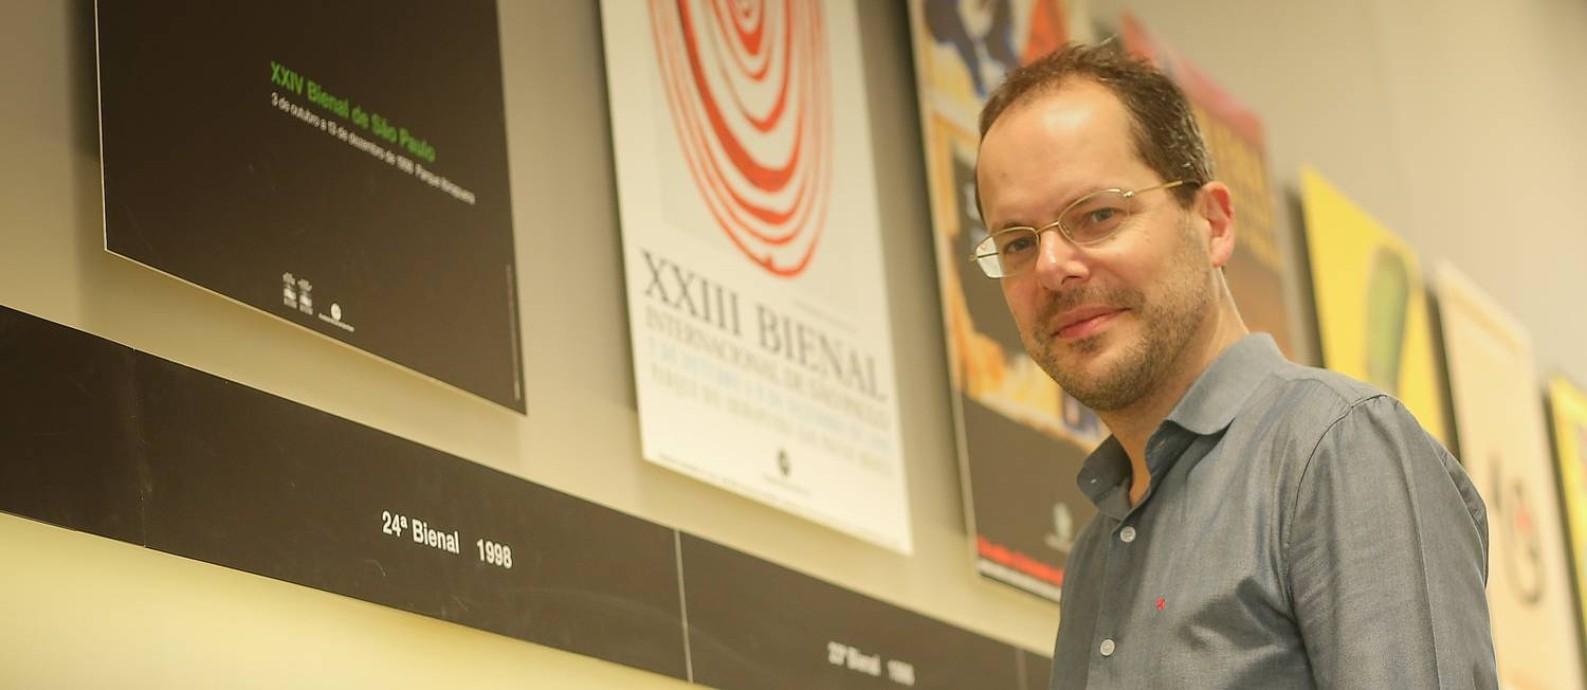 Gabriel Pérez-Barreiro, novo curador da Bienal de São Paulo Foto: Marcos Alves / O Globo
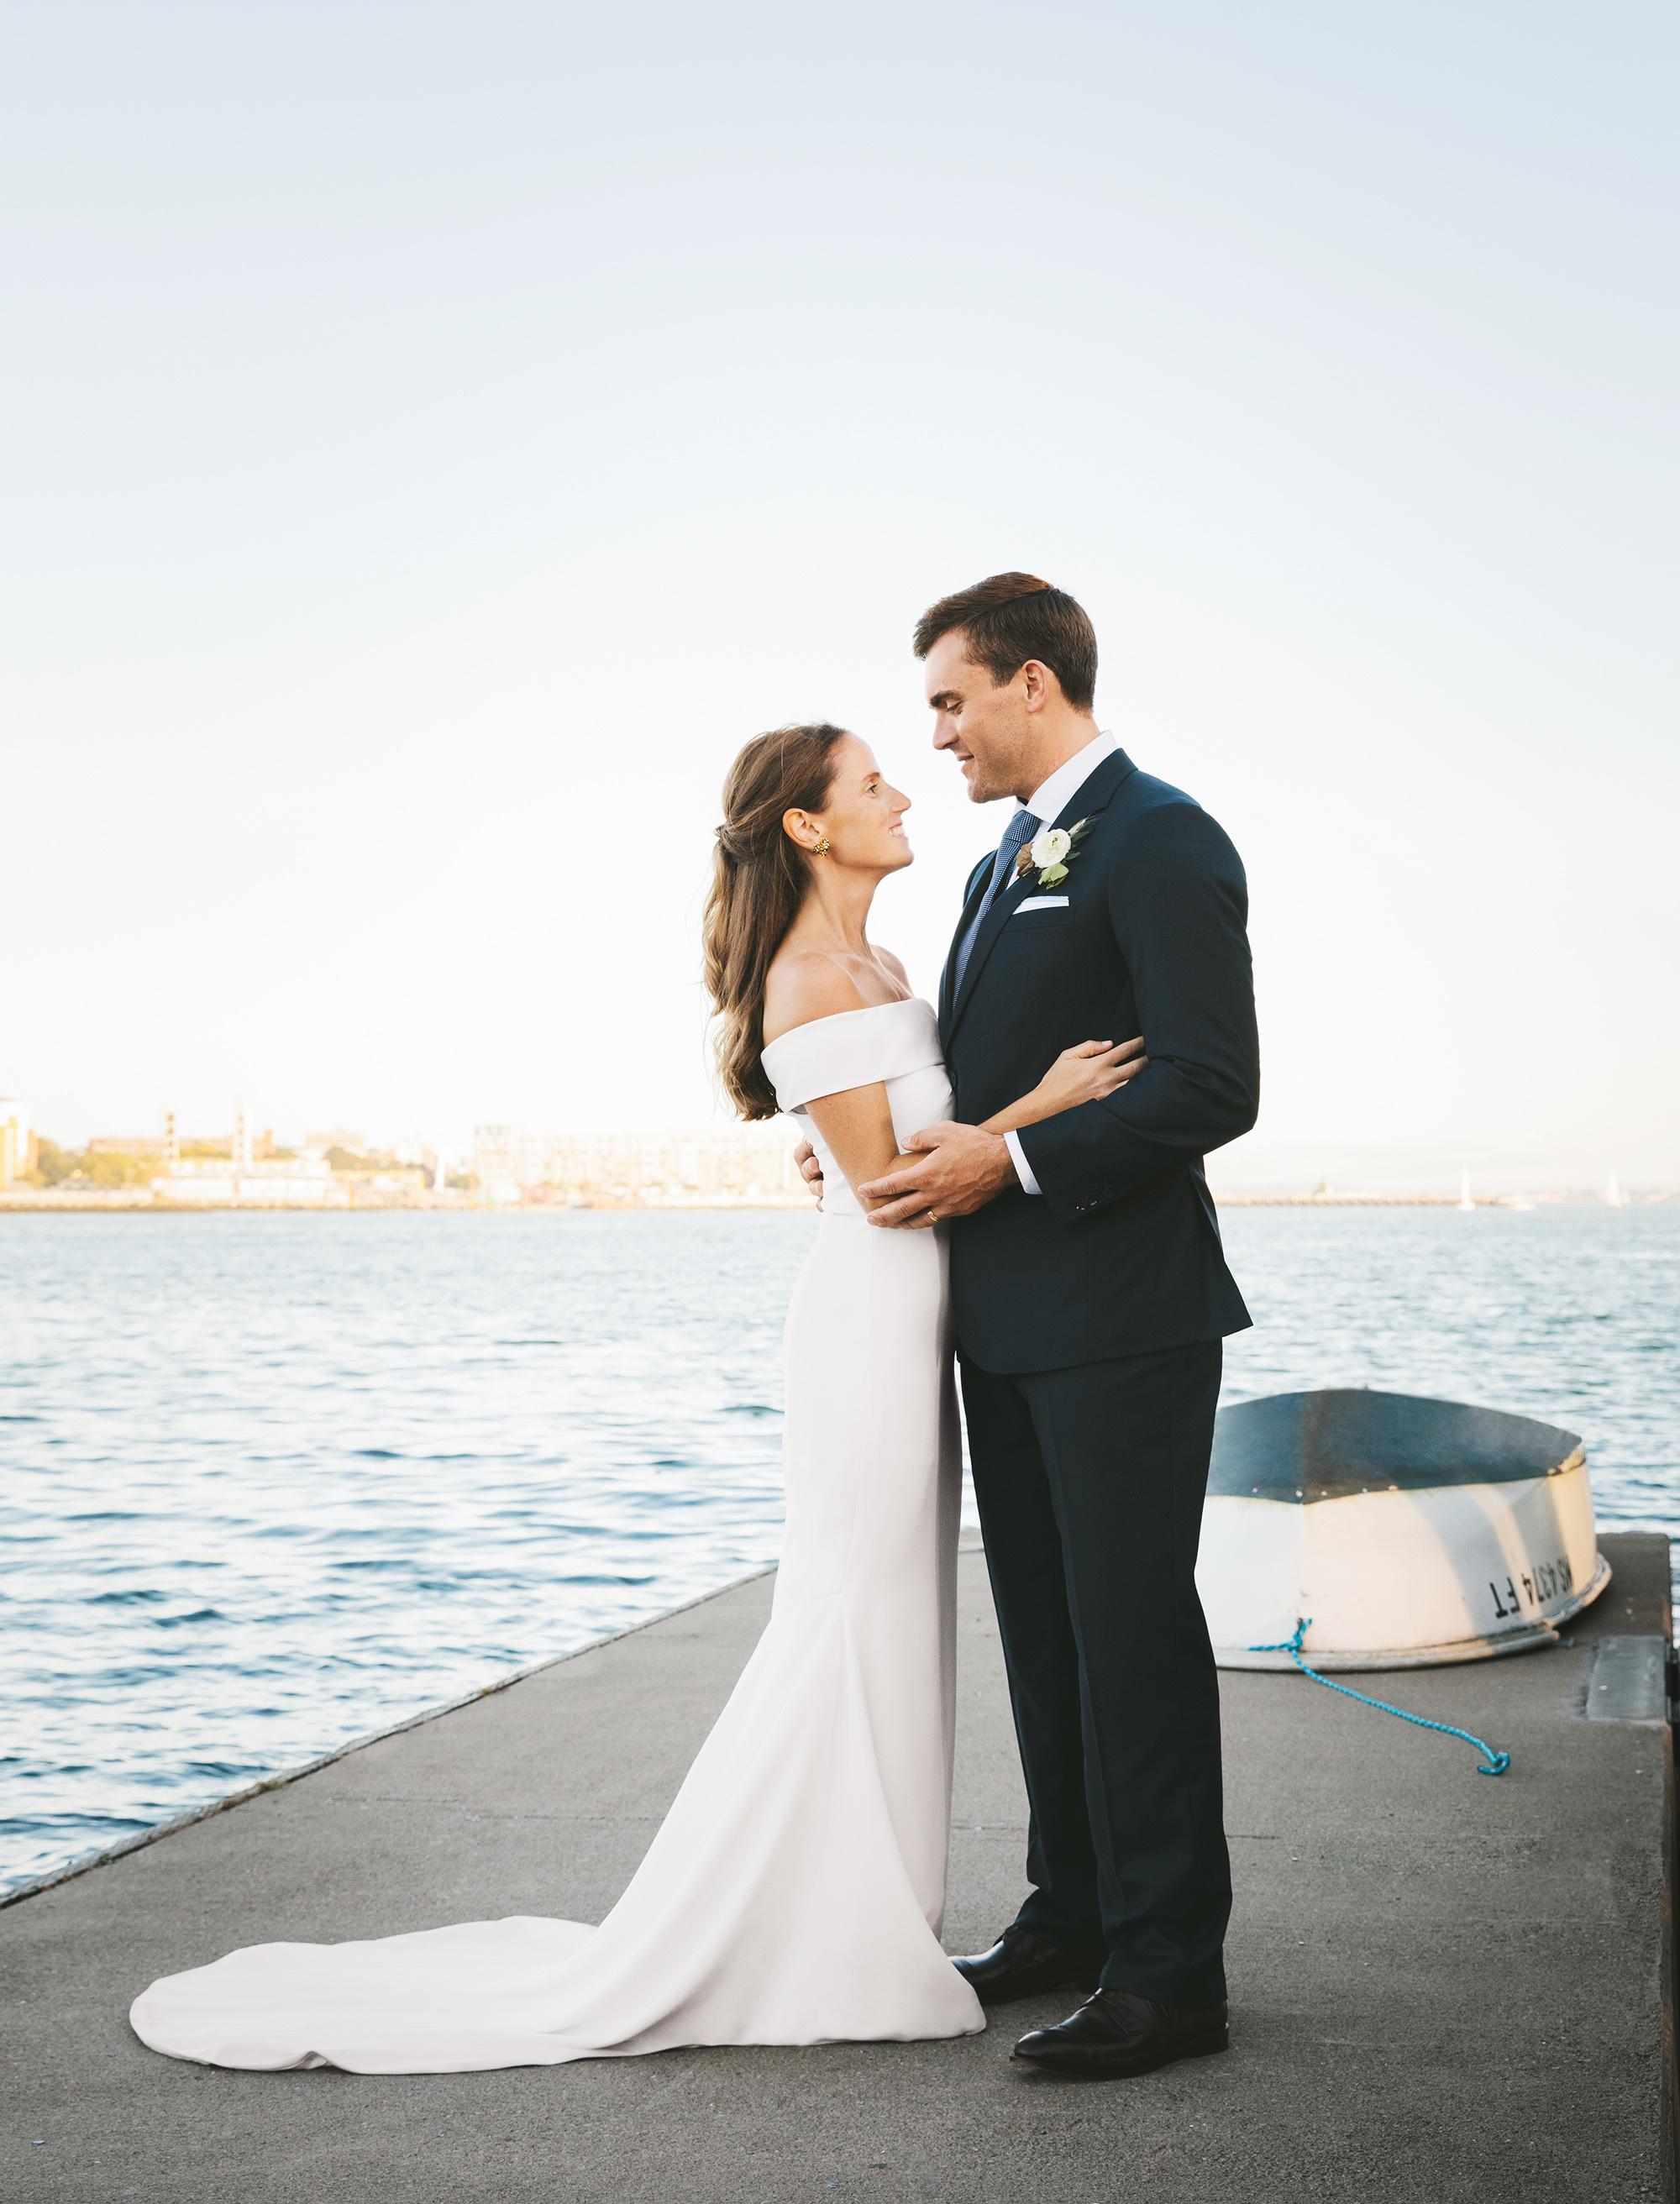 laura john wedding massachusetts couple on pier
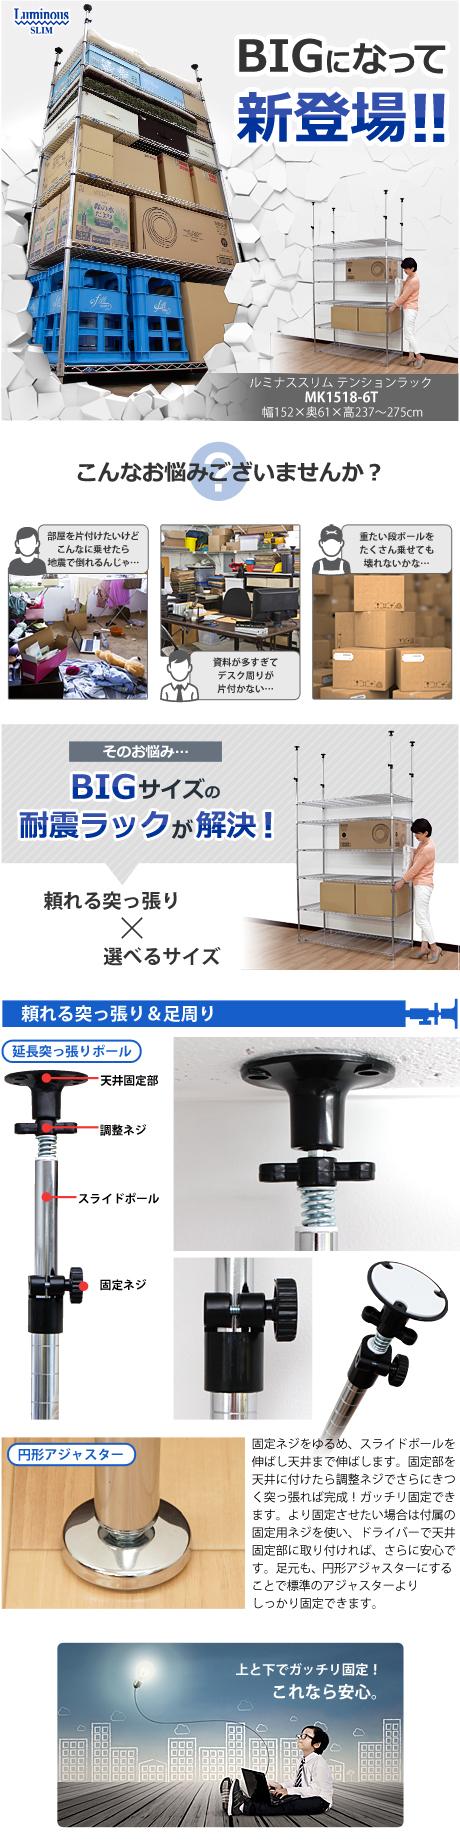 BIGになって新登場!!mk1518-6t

Task prompt
In your answer, set down the full listing word for word and include no pictures.

Exercise solution
 Gabriel Pérez-Barreiro, novo curador da Bienal de São Paulo Foto: Marcos Alves / O Globo
 laura john wedding massachusetts couple on pier
 BIGになって新登場!!mk1518-6t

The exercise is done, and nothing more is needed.